Plaintiffs Trustmark National Bank and Green Bank N.A. seek class-action status and damages of more than $5 million. Their lawsuit is one of nearly 100 that have been filed by Target customers or banks because of the breach. New York-based Trustmark and Houston-based Green Bank filed their suit March 24 in Chicago's U.S. District Court, naming Trustwave Holdings and Target Corp. as defendants.
The banks acknowledge in their complaint that Chicago-based Trustwave has "performed more Payment Card Industry Data Security Standard certifications than all other companies combined." The PCI standard describes how companies that handle payment card data must protect it against theft.
About 40 million credit and debit card accounts were compromised after hackers made their way into the company's payment data through a security gap attributed to its heating and air-conditioning supplier.
Trustwave declined to comment on the lawsuit.

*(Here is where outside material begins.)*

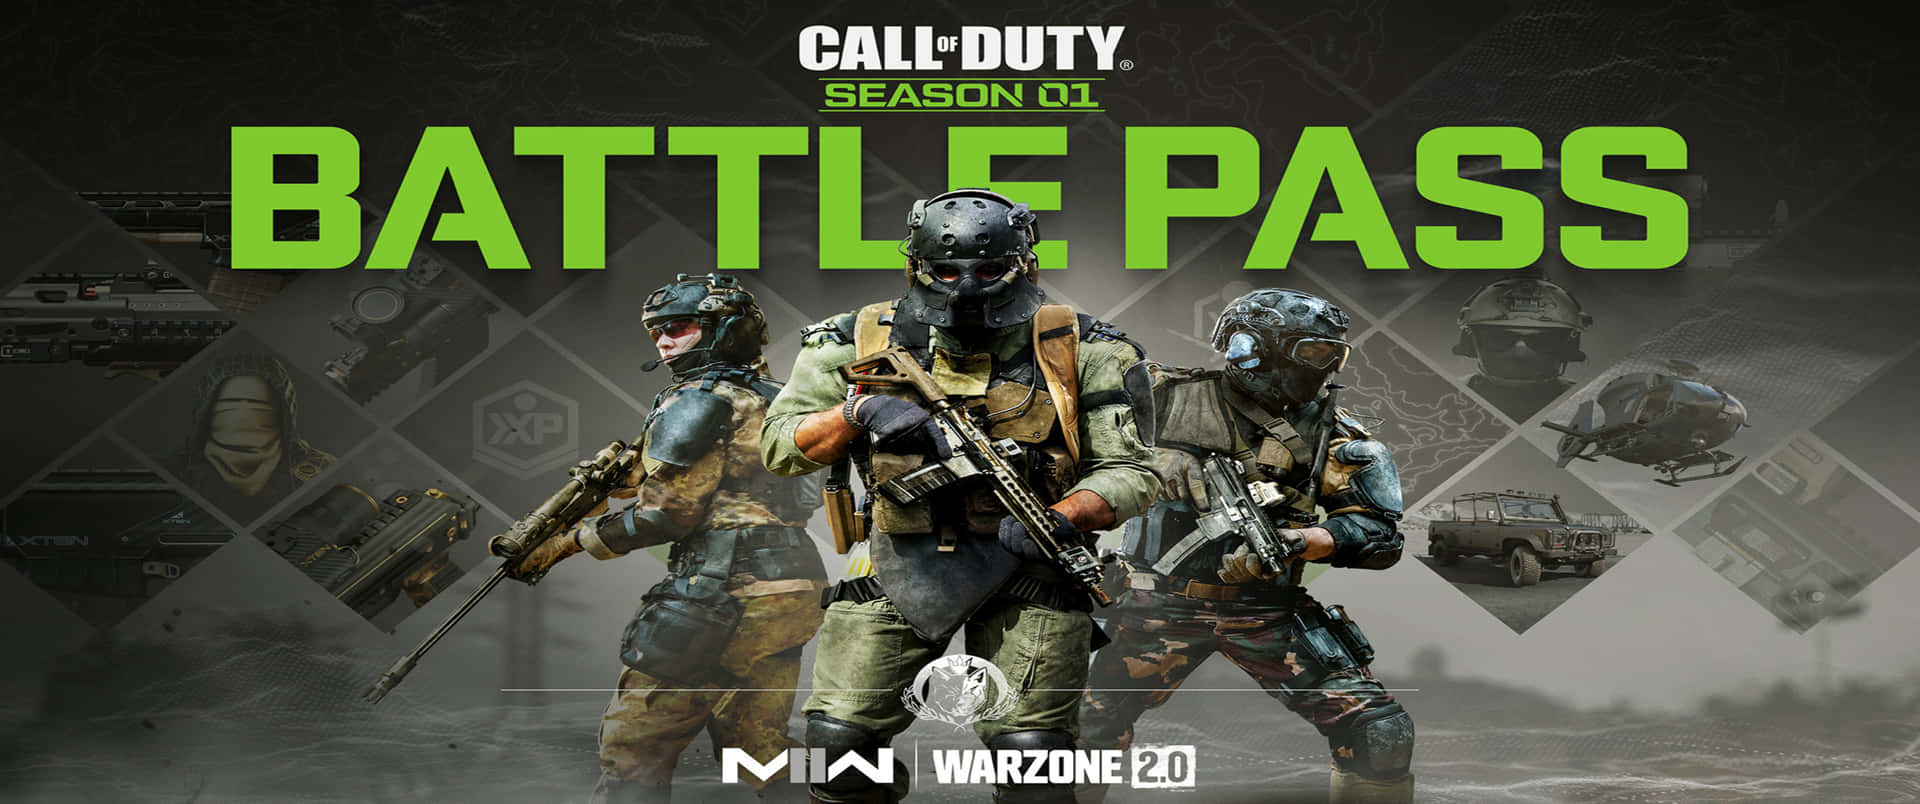 Season 01 Battle Pass 3440x1440p Call Of Duty Modern Warfare Background

Target did not respond to inquiries regarding the lawsuit and has not spoken publicly about any of the legal actions in the wake of the breach.
The banks claim Target was likely out of compliance with the PCI standard because the hack went unnoticed for 18 days, according to media reports. In previous data breaches, companies such as Heartland Payment Systems were found to be out of compliance with the PCI standard even though they had passed assessments prior to being hacked.
The complaint cites Trustwave's background and advertising itself as having "deep expertise in PCI compliance," but claims, based on "information and belief," that Trustwave told Target on Sept. 20, 2013 that its computer systems had no vulnerabilities.
Citing a New York Times report, the banks say that Target kept card data on its servers for six full days before hackers transmitted it to a separate webserver outside of Target's network.
The complaint alleges the vulnerabilities in the Target system were "either undetected or ignored by Trustwave," allowing hackers access to millions of card account and personal records.
The suit estimates that the banks will spend about $172 million reissuing credit and debit cards. Their total losses, including fraudulent charges, could hit $18 billion, according to the lawsuit.